Related: SaaS Pegasus Review 2026 · Django vs Rails SaaS Starters · Best SaaS Boilerplates 2026
Source and claim notes (checked 2026-05-15)
- SaaS Pegasus public site and docs: checked for React-or-HTMX frontend choice, teams, subscription billing, APIs, async/WebSocket support, deployment documentation, and public pricing starting at $249. Pricing and tier packaging are volatile, so this guide uses "starts at" language and tells buyers to confirm checkout.
- Django 5.2 docs and release notes: checked as the current official Django docs surface for the Django 5.x references used here.
- HTMX official docs: checked for the current description of AJAX, CSS transitions, WebSockets, and Server-Sent Events through HTML attributes; this guide avoids over-specific release-date claims.
- Django Rocket docs: checked at
djangorocket.comfor the documented project structure, Stripe setup, Google sign-in setup, Docker/Postgres/Redis/OpenSearch/Celery/test/Tailwind paths, and Apache 2.0 license note. - GitHub project pages checked for Cookiecutter Django, djaodjin-saas, Falco, Hyperion, cangeorgecode Django Boilerplate, PaulleDemon/Django-SAAS-Boilerplate, danjac/django-saas-starter, and ernestofgonzalez/djangorocket.

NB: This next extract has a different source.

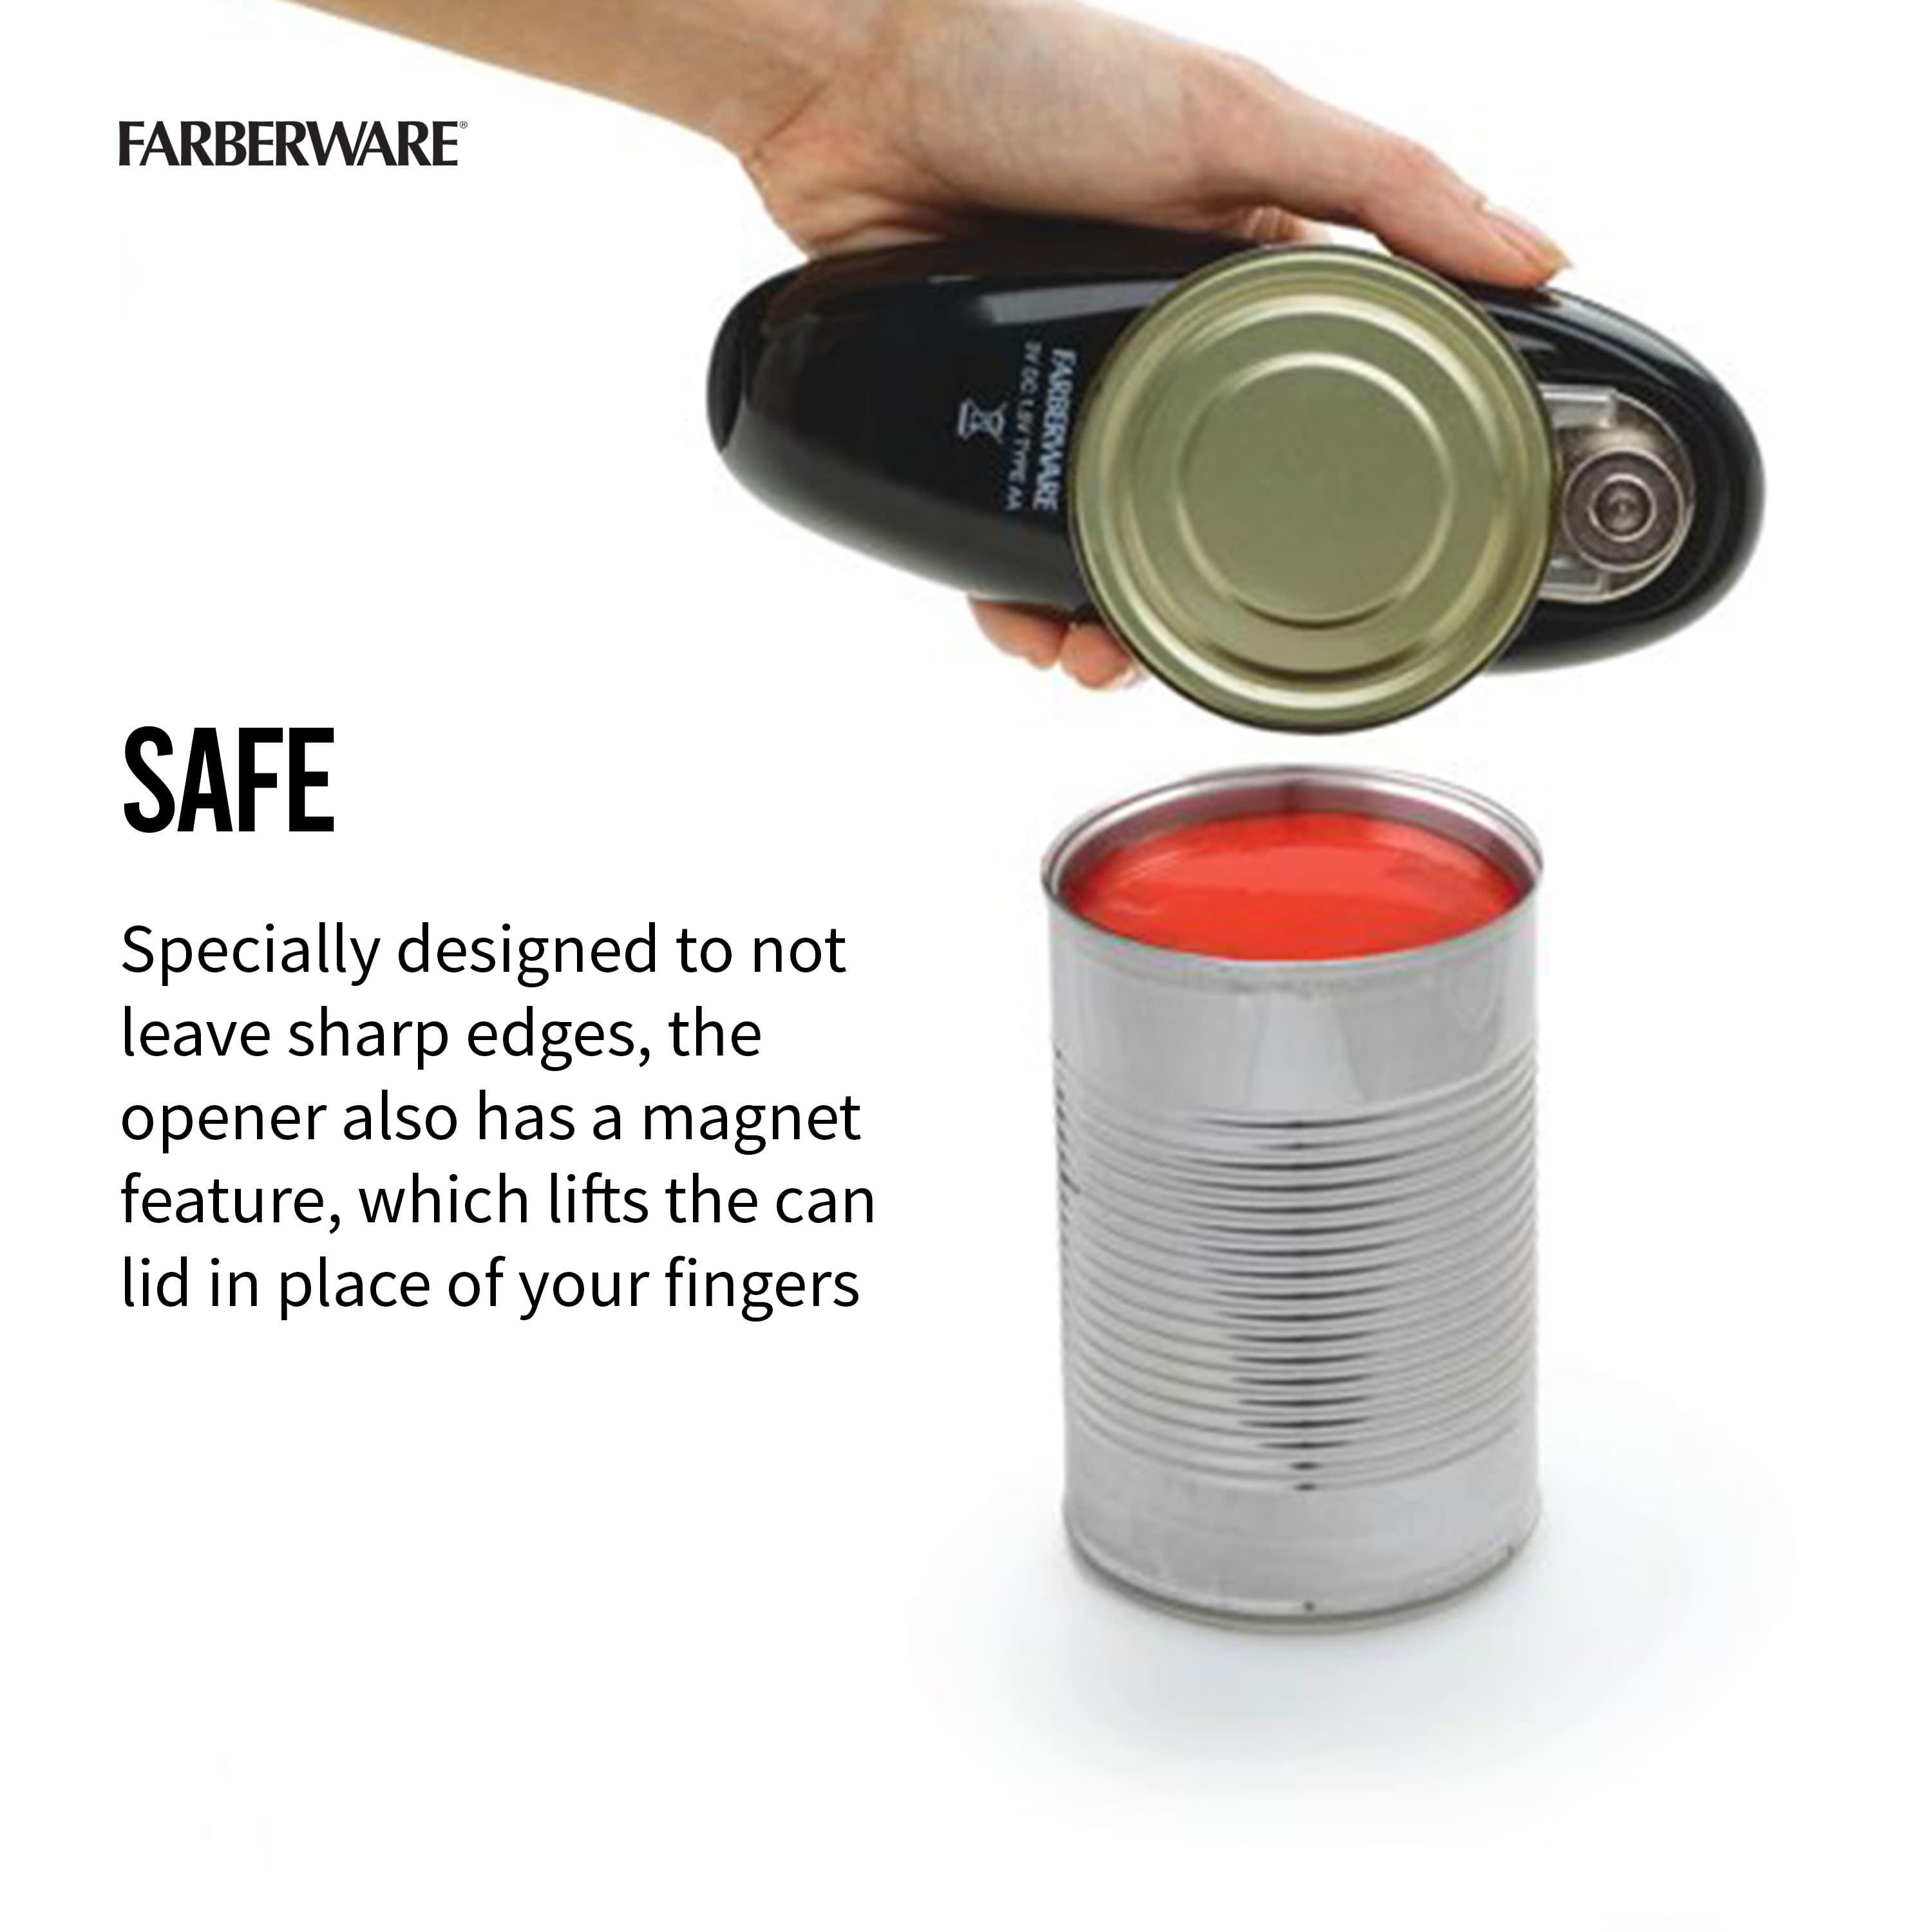 Farberware Electric Can Opener Red One Touch Hands Free - Brand New

Star counts and exact update cadence are intentionally treated as volatile and should be rechecked before adoption.
- Duplicate/adjacent guide risk: this page intentionally stays on Django + HTMX SaaS boilerplates. For a general framework choice, use the Django/Rails/Laravel comparison rather than broadening this article.

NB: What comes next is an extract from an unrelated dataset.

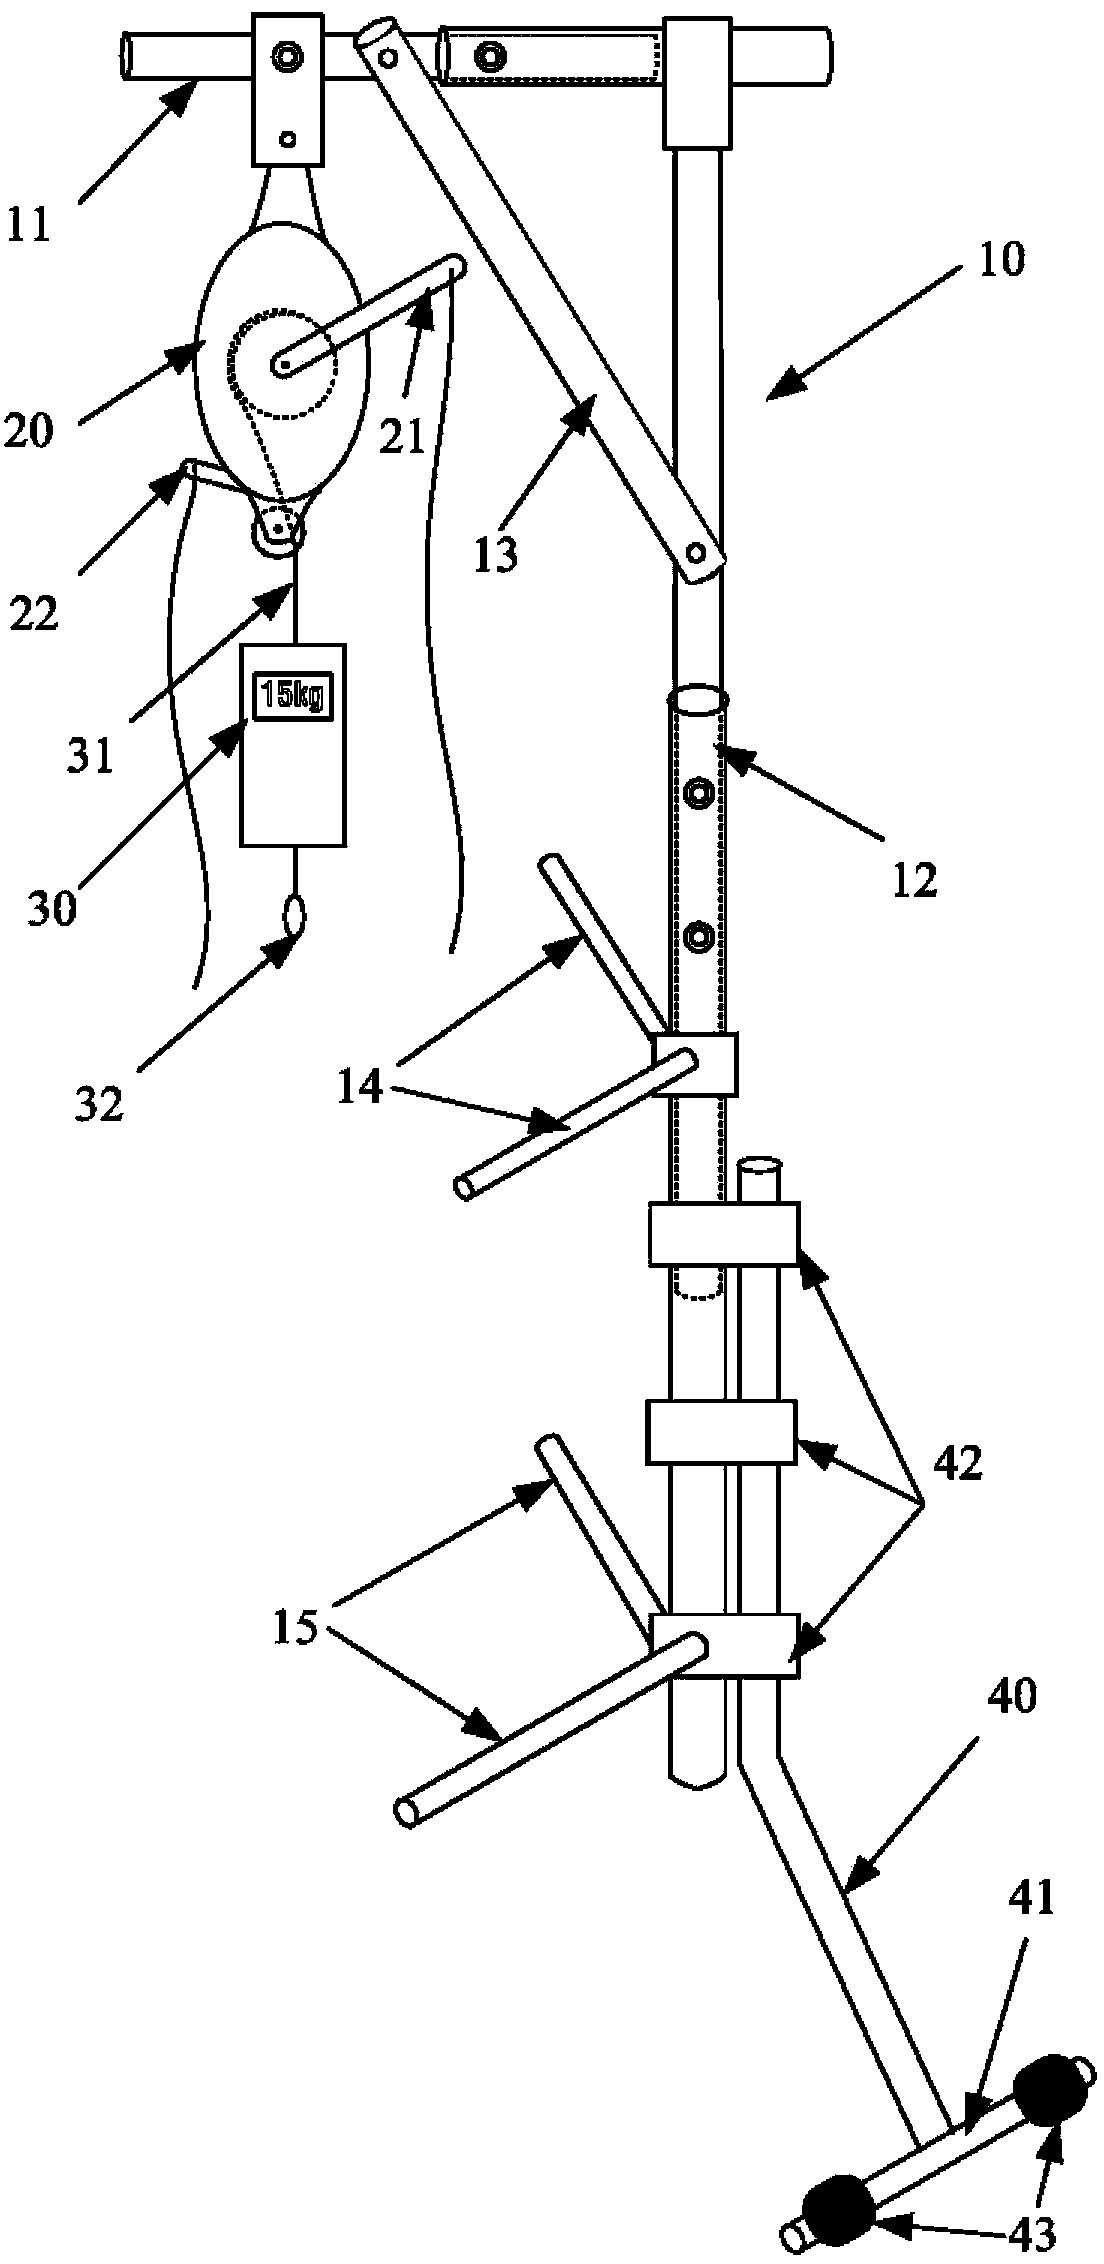 Spinal deformity sitting-position traction device without counter weight and with traction force visualized

Search Intent Refresh: SaaS Pegasus HTMX Support
Searchers comparing Django + HTMX SaaS starters usually want to know whether they can ship a paid SaaS without adopting a heavy JavaScript stack. SaaS Pegasus is the most direct fit when you want a commercially supported Django starter with HTMX patterns, billing, teams, and production guidance. Cookiecutter Django is better as a flexible foundation when you want to assemble more of the SaaS layer yourself.
Decision checklist:
- Pick a paid starter if auth, billing, teams, emails, deployment docs, and updates save more time than the license costs.
- Pick an open foundation if your team already has strong Django conventions and does not want starter lock-in.
- Prototype the hardest interactive screen with HTMX before committing to the architecture.
- Check whether the starter's Stripe, email, background job, and deployment choices match your production plan.
- Treat "Django + HTMX" as a product-speed choice, not just a frontend preference.